Instead a better approach would be to follow a similar voltage/freq curve for medium power modes. For low power modes the obvious solution is to have core assets on one bank of memory and use any other enabled blanks as disposable framebuffers. This would allow you to operate at lower clock speeds without impacting performance. Further, if the display output were disabled you would then be able to de-activate all but the asset bank of memory.

Probably a patent thicket of somekind exists for this stuff; but really I consider these to be things that must be obvious to someone skilled in the art, or even just of logic and basic knowledge of the physics driving current transistors; since my college degree is getting stale and I've never been employed in this field.
Old_Fogie_Late_Bloomer - Tuesday, September 20, 2011 - link
This might not be feasible, but perhaps AMD and/or Nvidia could do something like what Nvidia is doing with Kal-El: have low-power circuitry that can do the bare minimum of what's needed for Windows Aero, etc. (basically what the integrated graphics chip does in Optimus) and switch it out for the more powerful circuitry when needed. As with Kal-El, this switch could be more or less invisible to Windows, or it could be handled at the driver level.

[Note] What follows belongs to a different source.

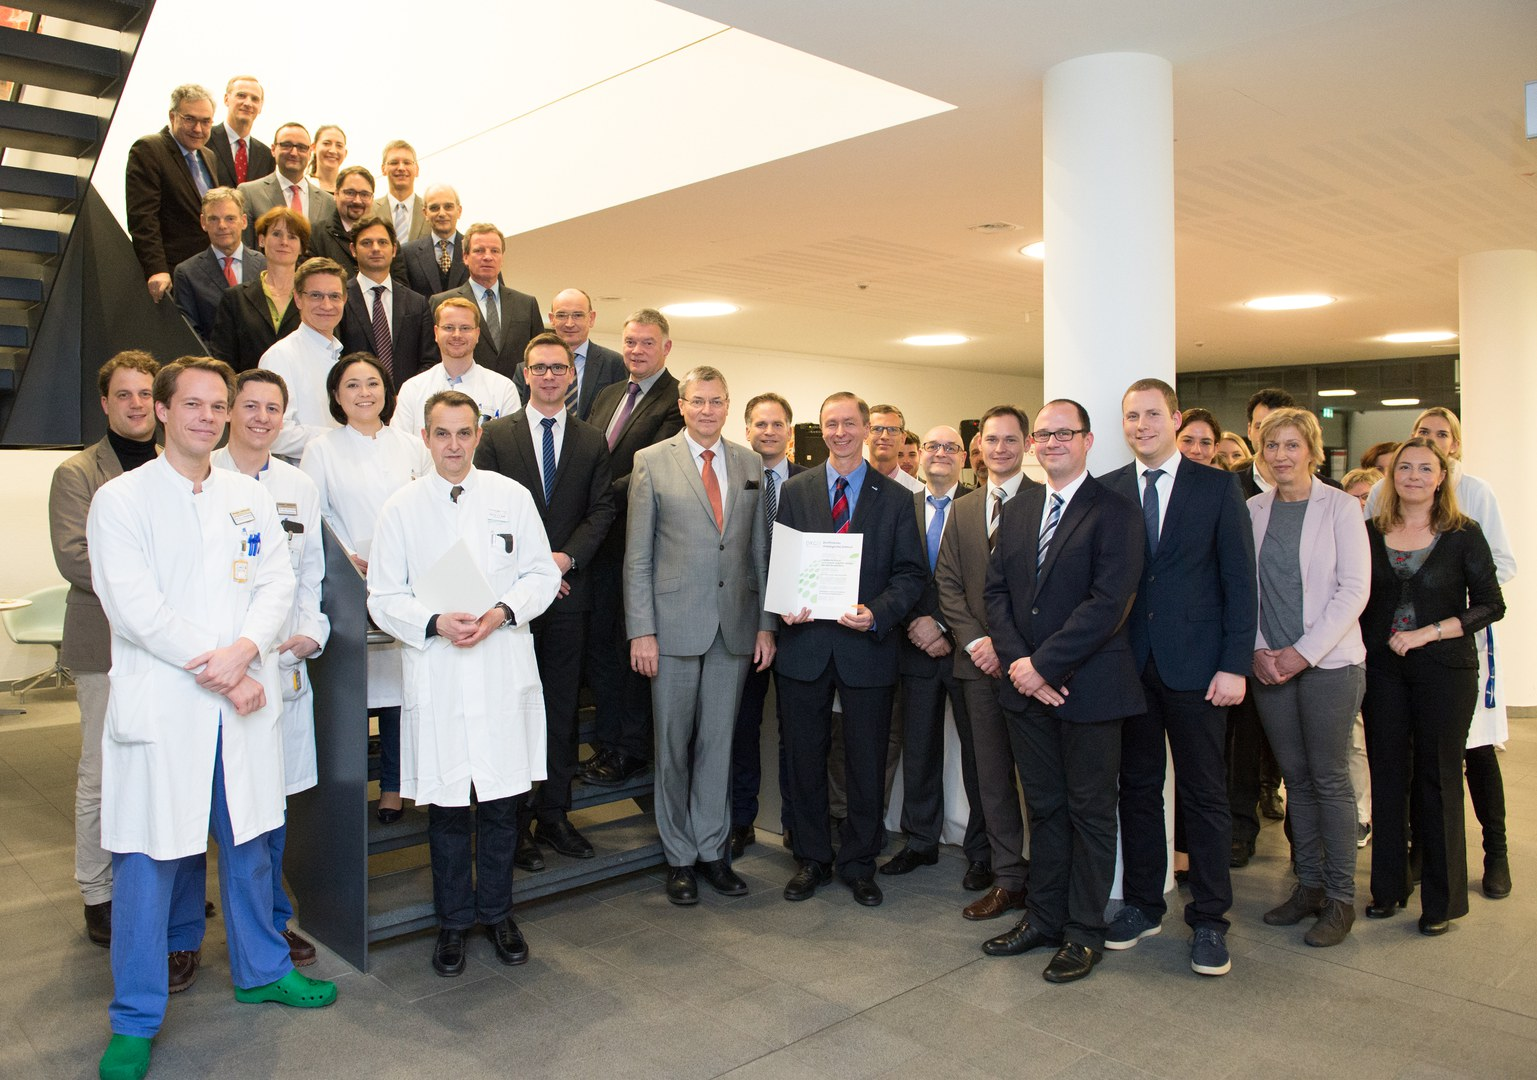 Feierliche Zertifikats-Übergabe der Deutschen Krebsgesellschaft (DKG):

Of course, that basically wastes the cost of the unused integrated graphics. Perhaps AMD's APUs could more take advantage of this idea: basically, put a CPU and two GPUs on one die, flipping between the slow, power-sipping graphics and the fast and powerful graphics.
MJEvans - Tuesday, September 20, 2011 - link
Actually the Kal-El article explained the key point rather well. The two common options are high speed but a high cost of being 'on' and lower speed but more efficiency per operation at the same speed. Given the highly parallel nature of a graphics solution it makes much more sense to keep the parts that are operating running at faster speed and switch off more of the ones that then aren't needed at all. The main barrier to doing that effectively enough would be the blocks of units used; however if development is occurring with this in mind it might be economically viable. That's a question that would require actual industry experience and knowledge of current design trade-offs to answer.
Old_Fogie_Late_Bloomer - Wednesday, September 21, 2011 - link
Well, the thing that I got from the Kal-El article that was really interesting to me, which I think COULD be relevant to mobile GPU applications, is that, apparently, using this other form of transistor--which is low-leakage but cannot run faster than a certain speed (half a GHz or so)--is sufficiently more efficient in terms of power usage that Nvidia engineers felt that the additional cost is worth it, both in terms of silicon area and the increased cost per part of manufacturing, which, of course, trickles down to the price of the tablet or whatever it's used in. That sounds to me like they feel pretty confident about the idea.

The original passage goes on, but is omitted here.